互いに再会の約束を交わし、参加者全員で記念写真に収まる

 生徒たちが最初に触れた「民族」は、大阪朝鮮歌舞団の歌と踊りだった。初めて朝鮮の芸術に触れる生徒たちのために、親しみやすさをテーマにした演目で歌舞団朝青班の団員が出演、公演を通して「民族のきずなを感じてほしい」とエールを送った。

 金祥玲さん(高3、岡山)は「リムジンガン」の歌に「涙がこぼれそうになった」と感動していた。

 生徒による文化公演も行われ、演劇、重唱、サムルノリなど、1カ月に及ぶ練習の成果が披露された。

 演劇と重唱に出演した尹亜貴さん(高3、大阪)は「学生会活動を通して成長した自分の姿を見てもらうことによって、みんなの心を動かせればいいと思った。自分が特別なわけじゃない。みんな同じように可能性をもっていることをわかってほしかった」と述べた。

キムチ作り、チェギチャギ、朝鮮舞踊など「民族体験」も行われた(写真はキムチ作りに精を出す生徒たち)

 「今度は自分があの舞台に立ちたい」「地域でも文化公演を開きたい」と、観覧していた生徒たちは、同じ境遇ながら、いきいきとした表情で舞台に立つ出演者たちを羨望の眼差しで見つめていた。

 弁論大会では、日々の悩みや朝鮮人として生きることへの不安と葛藤がさらけ出された。生徒たちは、みなが同じ悩みを持つこと、葛藤が受け止められ、理解されたことに喜びを見いだしていた。そして渇望していた仲間との出会いに感謝し涙するのだった。

 彼らが今、胸に秘めたる「PRIDE」とは「朝鮮人として堂々と生きていこう!」という決意。

 「もう一人で悩まないでいい。本当の自分との出会いをターニングポイントに、まだ苦しんでいる仲間を助けていこう」(学生実行委・李壮司委員長、高2、大阪)と彼らは共に約束し、再会を誓った。(鄭尚丘記者)

▼東京 「自分のこと知ろう」

 東京日校学生会の「サマースクール2007」が6〜8日、栃木県上都賀郡の「あわの自然学園」で行われ日校生、スタッフ、朝高、朝大生ら80人が参加した。日校生たちは民族、歴史、友情について語り合いながら自分の存在をあらためて考えた。

本当の歴史

東京朝鮮歌舞団の公演を見てエールを送り楽しむ参加者たち

 初日は、江戸幕府第4代将軍・家綱の誕生に際し、朝鮮から送られた「朝鮮鐘」がある日光東照宮(栃木県)を回り、朝・日間の交流の歴史の一端を肌で感じた。
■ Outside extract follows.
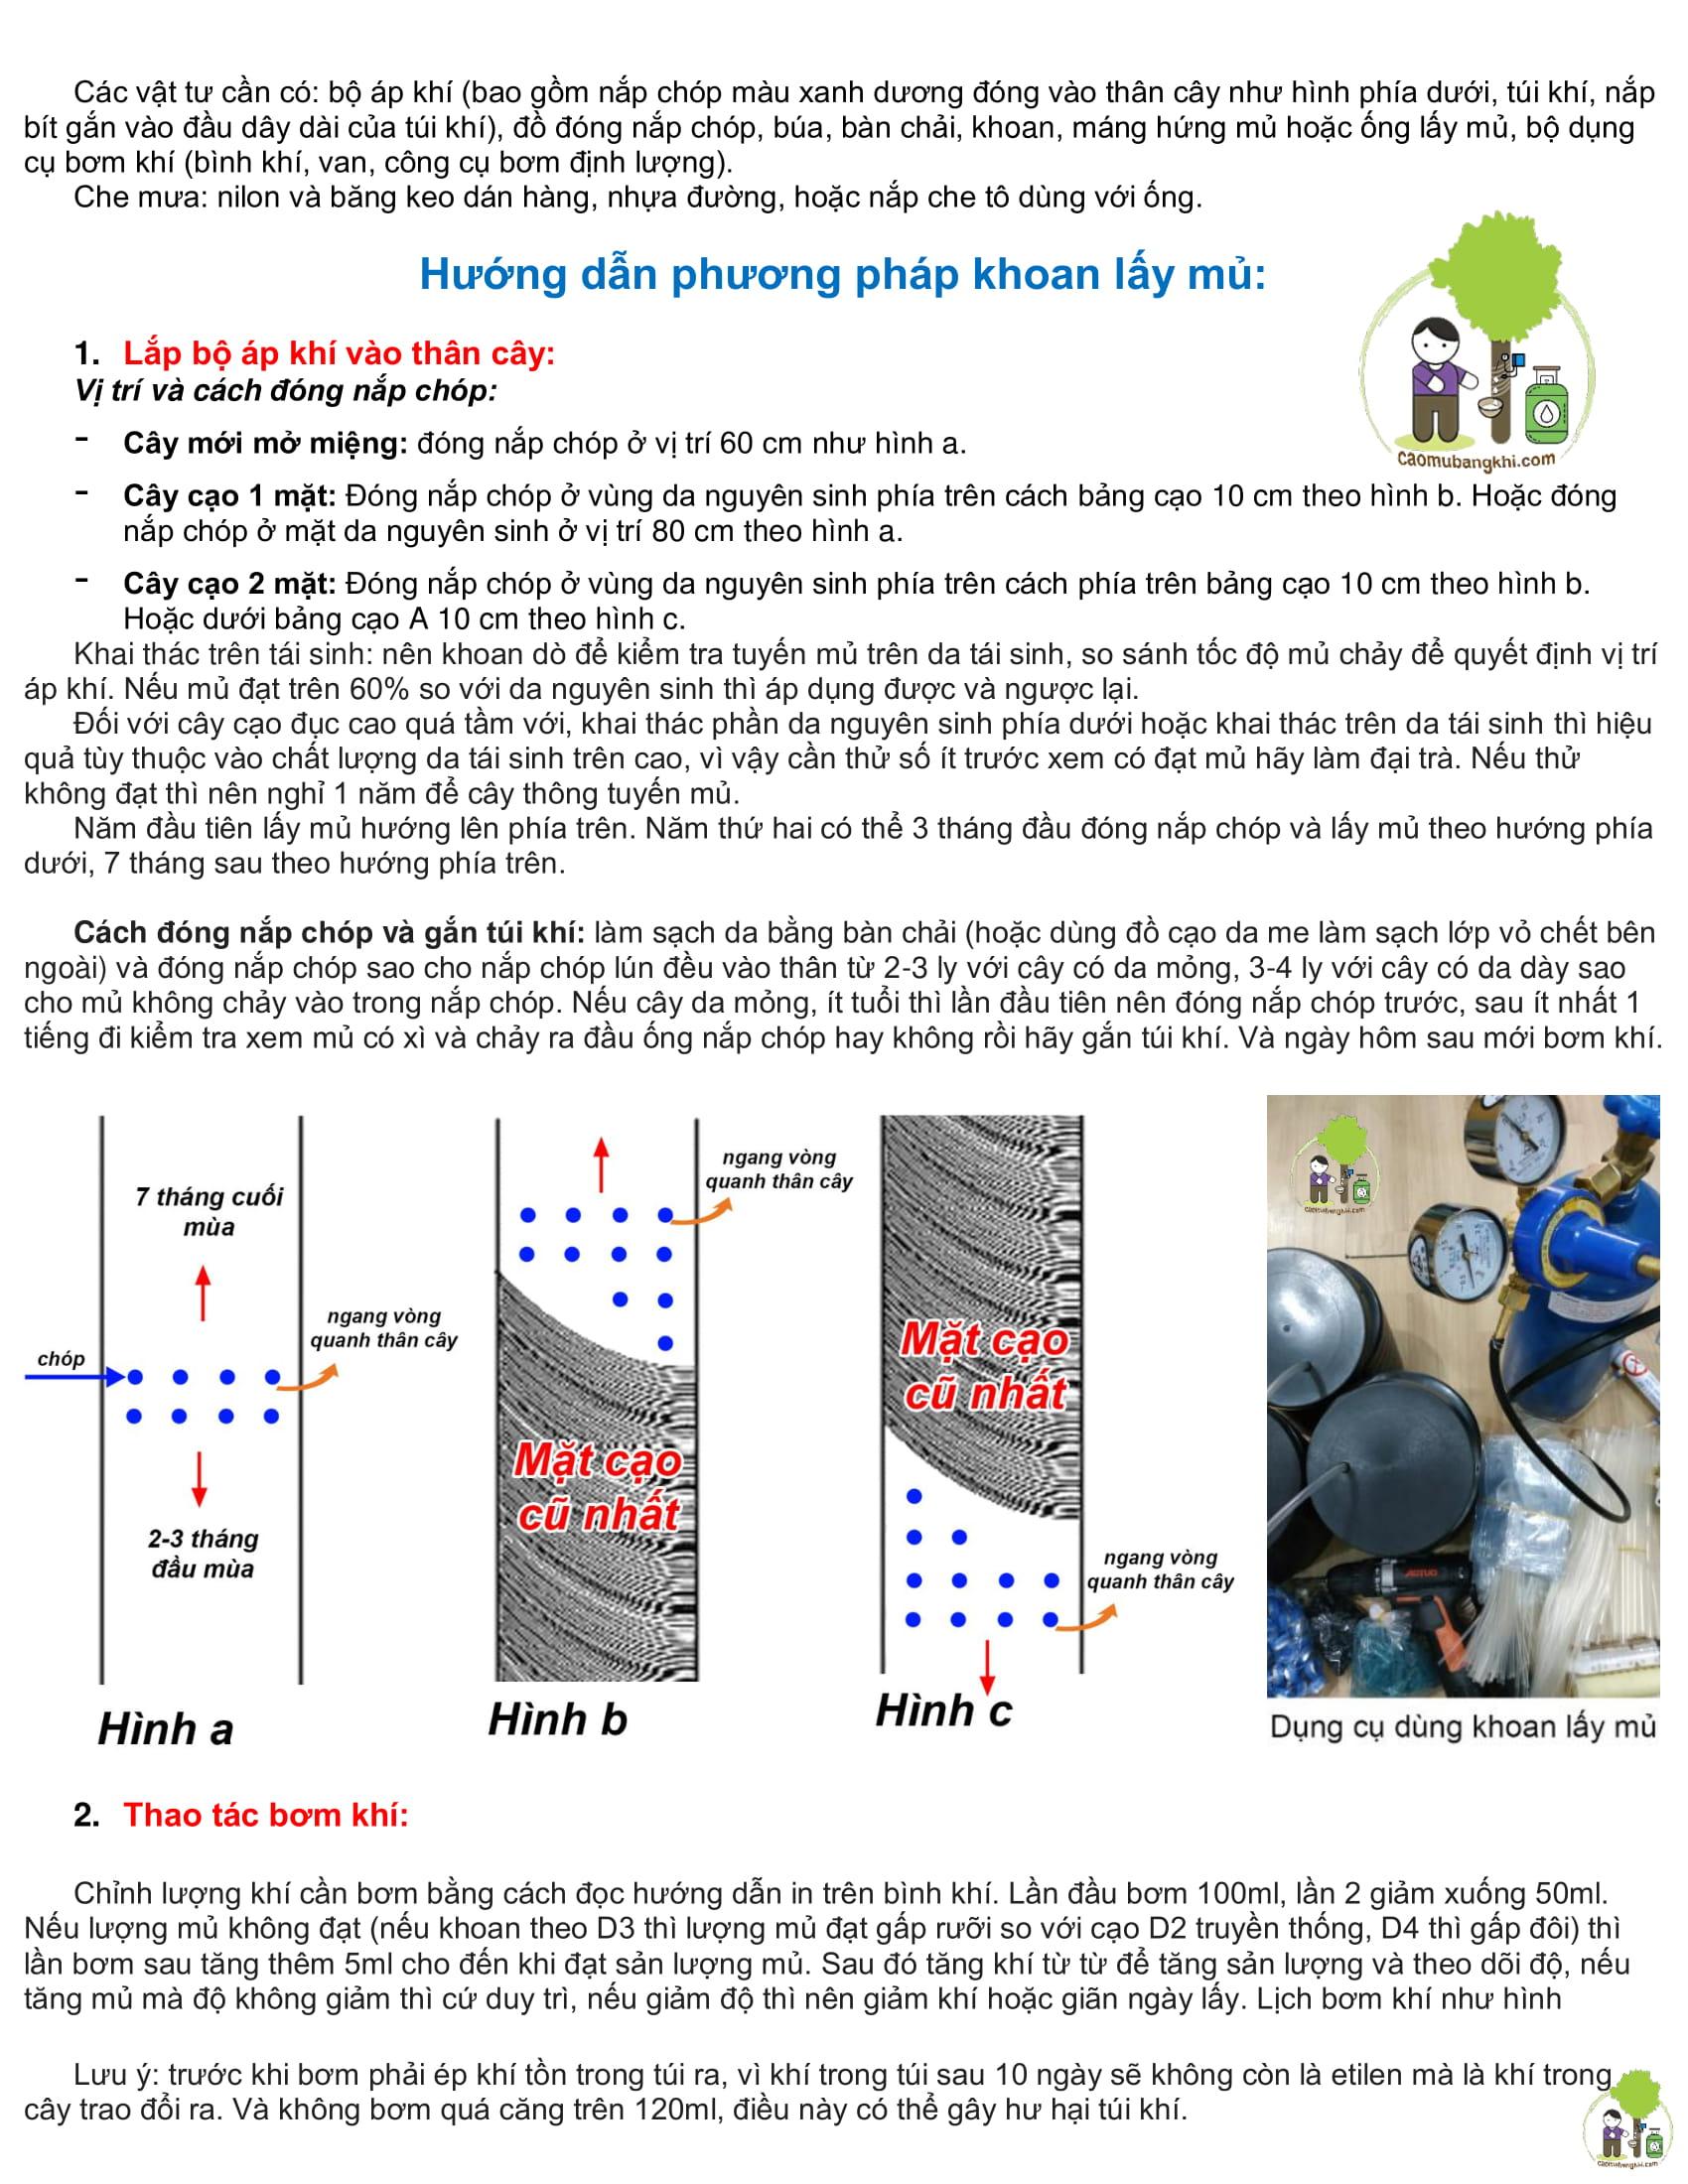 hướng dẫn quy trình khoan và cạo mủ bằng khí

 2日目は、班対抗クイズを行い、学校では習わない朝・日間の本当の歴史を学んだ。また、「しゃべり場」では「恋愛」「名前」「在日コリアンが集うこと」をテーマに、朝鮮人として生きていくうえでのそれぞれの思いの丈を吐露した。

 スポーツ大会や班対抗文化公演などで交流を深めた生徒たちは、「みんなで力を合わせる場があまりないからとても新鮮で楽しかった」と笑みを浮かべた。
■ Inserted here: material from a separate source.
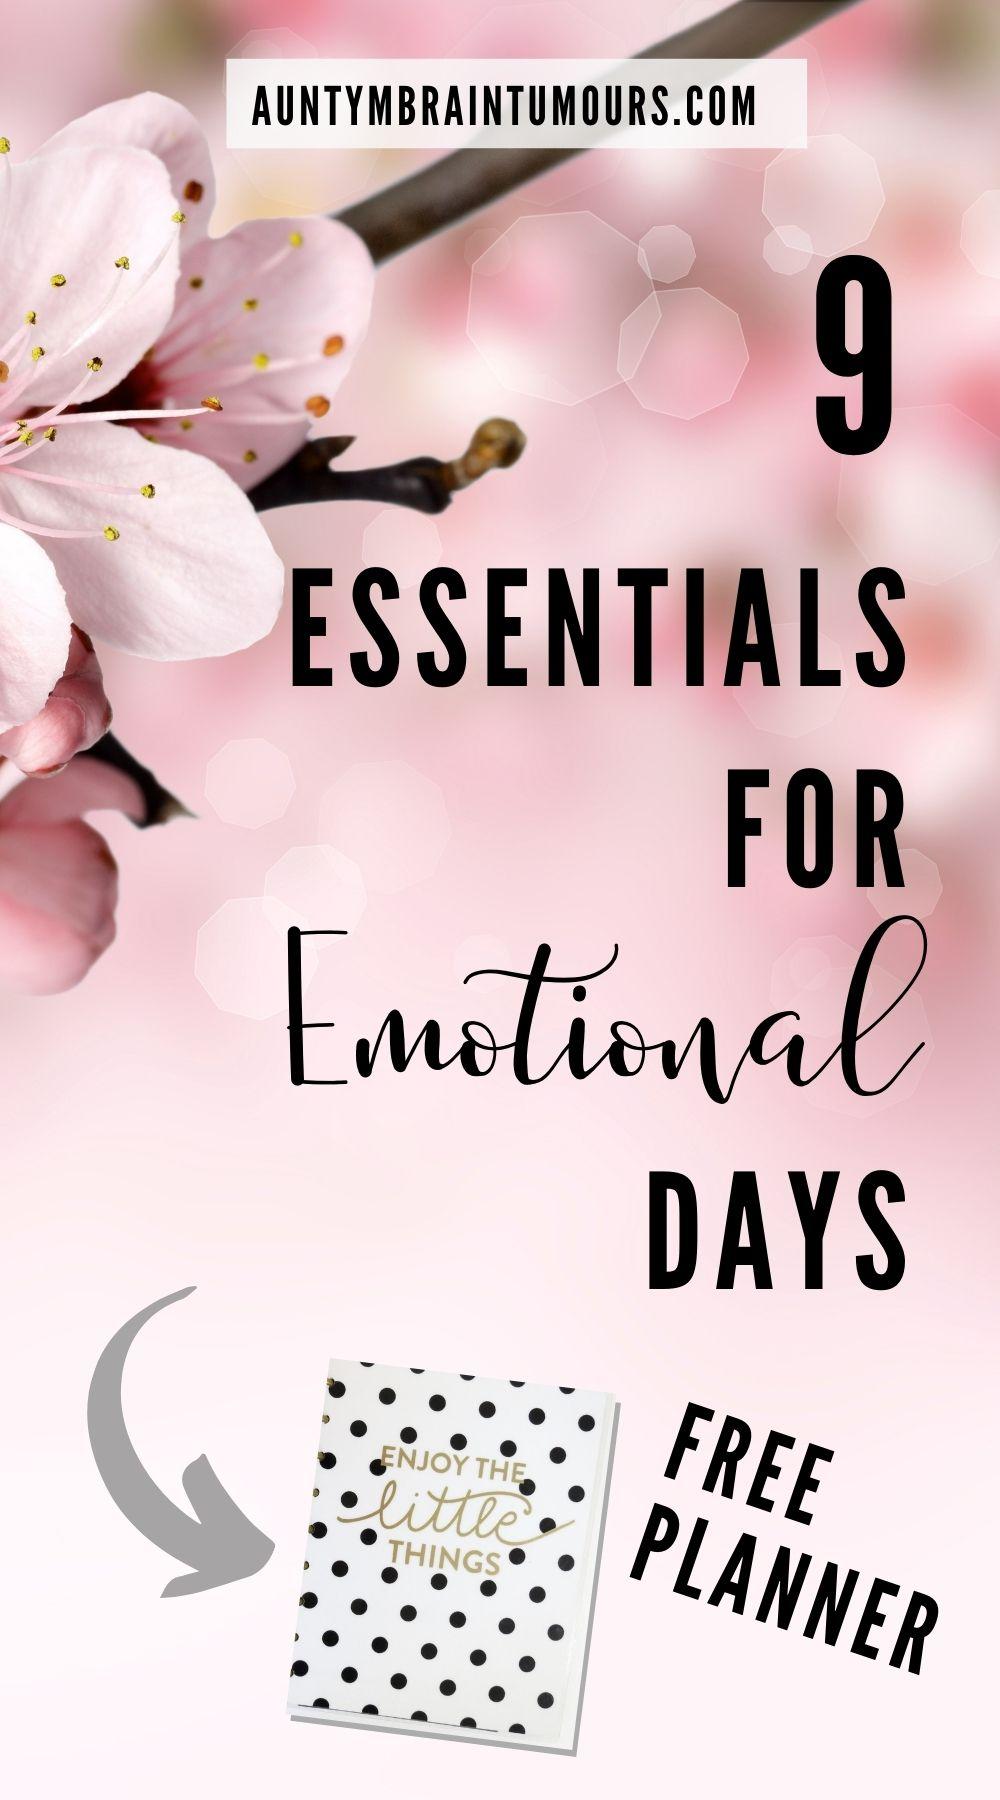 9 Essentials for emotional days

 そのほかにも東京朝鮮歌舞団の公演、キャンプファイヤーで盛り上がったが、疲れを知らない生徒たちは寝る間を惜しんで語り合った。

 最終日は、学生会のOB2人を招き座談会を開いた。彼女たちは学生会で培ったものはとても大きかったと学生会時代を振り返り、「ここからがスタート」「みんなで協力し合って活動の輪を広げてほしい」と呼びかけた。

熱い 「生き方」

友人やスタッフに悩みを打ち明け、夜明けまで語り合う姿があちこちで見られた

 今回、半数以上が初参加だった。山岸那緒さん(中2)は「普段、朝鮮人との接点がないので、都内の朝鮮人学生が集まると聞いてとても楽しみだった。それに在日朝鮮人のことを知りたかった。クイズで朝・日間の歴史を知り驚きの連続だった」と初参加の感想を語った。

 3日間、生徒たちは笑い泣き、葛藤を克服しながら語り合った。そして本名宣言や朝大への進学を決心した生徒、商工会への就職を希望する生徒、学生会の輪を広げようと決意を新たにした生徒など、それぞれの思いを胸に朝鮮人としての「生」を見つめ直した。

 「来てなかったら絶対に後悔していた」「また必ず会おう」などと笑い合う彼らの輝かしい表情は、これからの学生会活動の発展を物語っているかのようだった。(姜裕香記者)

[朝鮮新報 2007.8.29]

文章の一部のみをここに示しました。